While we were in Shkin, we conducted raids on several of the local villages and ran countless mounted and dismounted patrols both day and night. The terrain sucked, as it was pretty much up and down everywhere we went. We spent much of the time chasing after the origin of our rocket attacks. Kind of a funny story: One night we were conducting a mounted patrol. We're driving along, looking for activity, when I saw a pretty interesting site through my NODs (night vision). These two giant dogs (or wolves, who knows) were running straight for the lead Humvee (I was in the rear one). Now, the dogs of Afghanistan are huge. Dog fighting is one of the most popular things there...so most of the dogs aren't the nicest. So these dogs are heading straight for the front Humvee. All of a sudden I hear the sound of a suppressed M-4 firing off two rounds. Someone in my squad picked of one of them. After I heard the two rounds, I see a PEQ laser pointing at the other dogs that apparently booked after his buddy was killed. He didn't shoot it....but needless to say it was one of the funniest things I ever saw...I guess you just really had to be there.





Just an example of a PEQ laser..it's funnier when you dont expect it....​


----------



## Chopstick (Sep 5, 2007)

Well at least that guy saved himself from marriage!  And maybe since dog fighting is so big there, we can send them Michael Vick!


----------



## Gypsy (Sep 5, 2007)

LOL, ahhh the monkey story was great!


----------



## Crusader74 (Sep 6, 2007)

Keep them coming Boon!!

Great story:)


----------



## Pete031 (Sep 8, 2007)

The ODA we were with Had a monkey too... They would always bring it over to our side and it would do its thing, But one day it got out of its cage and bit some OGA chick in the hand. Everyone crowded around the monkey ( I believe it's name was Omar) and it started to square off with everyone... The last thing it heard was "Fuck You Monkey" as one of the ODA fellas fired his 9mm at it. 
Good story Boon


----------



## P. Beck (Sep 9, 2007)

Hate to be the one to break the news, but the team monkey at Shkin had to be put down.
Apparently a steady diet of Copenhagen and Red Bull was just to much for him and he went fughazi.


----------



## Boondocksaint375 (Sep 9, 2007)

lol, can't say he will be missed by folks I know ;)


----------



## jordan (Sep 21, 2007)

i want a rhesus monkey as a pet.. id feed it cope and hotdogs.. and put a leash on it and walk it


i like to shine my peq2 at well...dogs and people.. they get all disorientated and shit and funny to watch them stumble around... hehe. i guess you have to see it.


----------



## Ravage (Nov 5, 2007)

New Afghani sport: dog killing via suppressed M-4 
Good story Boon.


----------



## Paddlefoot (Nov 13, 2007)

Frickin' desert dogs. They're not strays or feral in the strictest sense, but they're very territorial.

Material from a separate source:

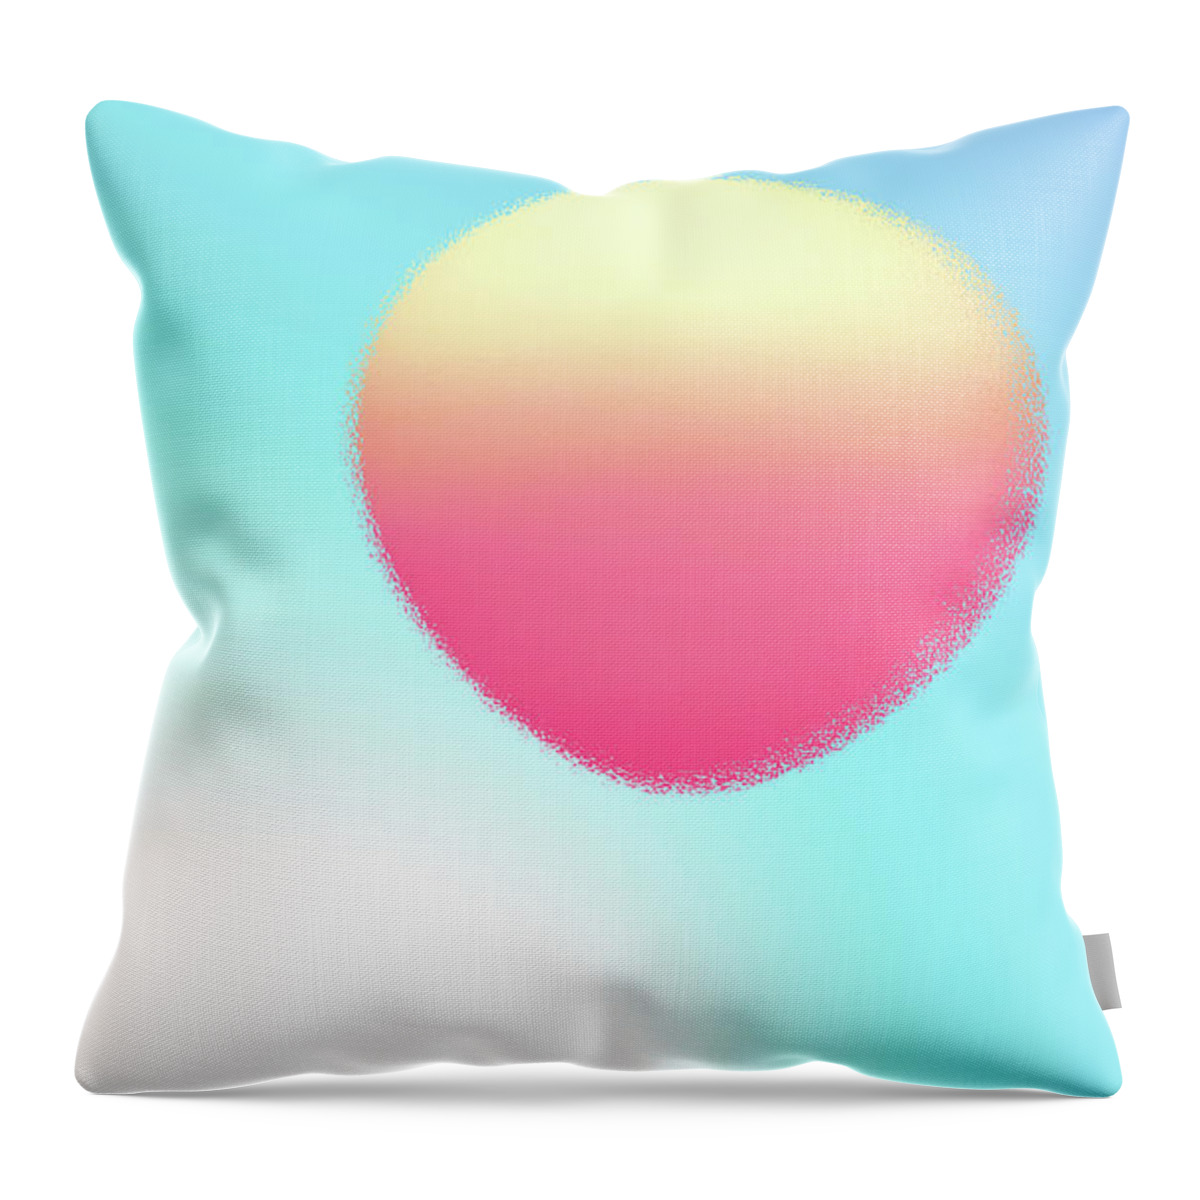 Sun Throw Pillow featuring the digital art Sun Balloon by Kathleen Illes

I was trying to take a dump on one of my last nights in Iraq, assigned to a checkpoint that was being manned by one of our attached Cav units.

I'm away from everybody, about 50 yards out in complete darkness, no NVGs at my disposal, when I hear the first growl coming from my 10 o'clock position, then another, then 2 or 3 more, all around me. So I'm sitting on the improvised toilet (box with a toilet seat affixed), toilet paper in my left hand and M-16 in my right. I know that if I get attacked from the rear, I'll have to start using my weapon as a club, because my backstop would be the guys back at the checkpoint.

I finish up (quickly), and slowly make my way back to the safety of the checkpoint, being careful to keep from letting the fear of getting mauled by a pack of dogs get the best of me. Seriously, those dogs can smell it on you, probably better than most. 

Now, the next day we get our orders to pull out, we're leaving Iraq and my checkpoint platoon is covering the withdrawl of the Division TOC and the other 3 CPs that had been set up. I'm riding shotgun in a Pajero, with 4 M-1s chewing up the sand just off the road, 2 each flanking us on both sides, and what do I see in my rear view mirror but a yellow dog, looked a lot like a lab, keeping pace with us. I figured he was looking for a handout.

We stopped a few miles up to establish a commo link, and the dog just sits there about 10 yards away, looking at me. We start again, stop a few miles later to do something else with the commo, and the dog pulls up and takes a seat, again about 10 yards away. This time, I started moving away from the commo guys, and the dog never took his eyes off me. When we started up again, the dog waited a few seconds, then turned around and headed back toward where we had started.

I later came to the conclusion that this dog was the leader of the pack I had encountered the night before, and was giving me an escort out of his area. I'm thinking maybe they weren't too happy with me marking their territory or something, and they just wanted to make sure I was leaving for good.


----------



## Brennan-2/75 (Nov 23, 2008)

I was also in shkin. I helped fill those hesco walls by hand with my e-tool. I believe you guys relieved us


----------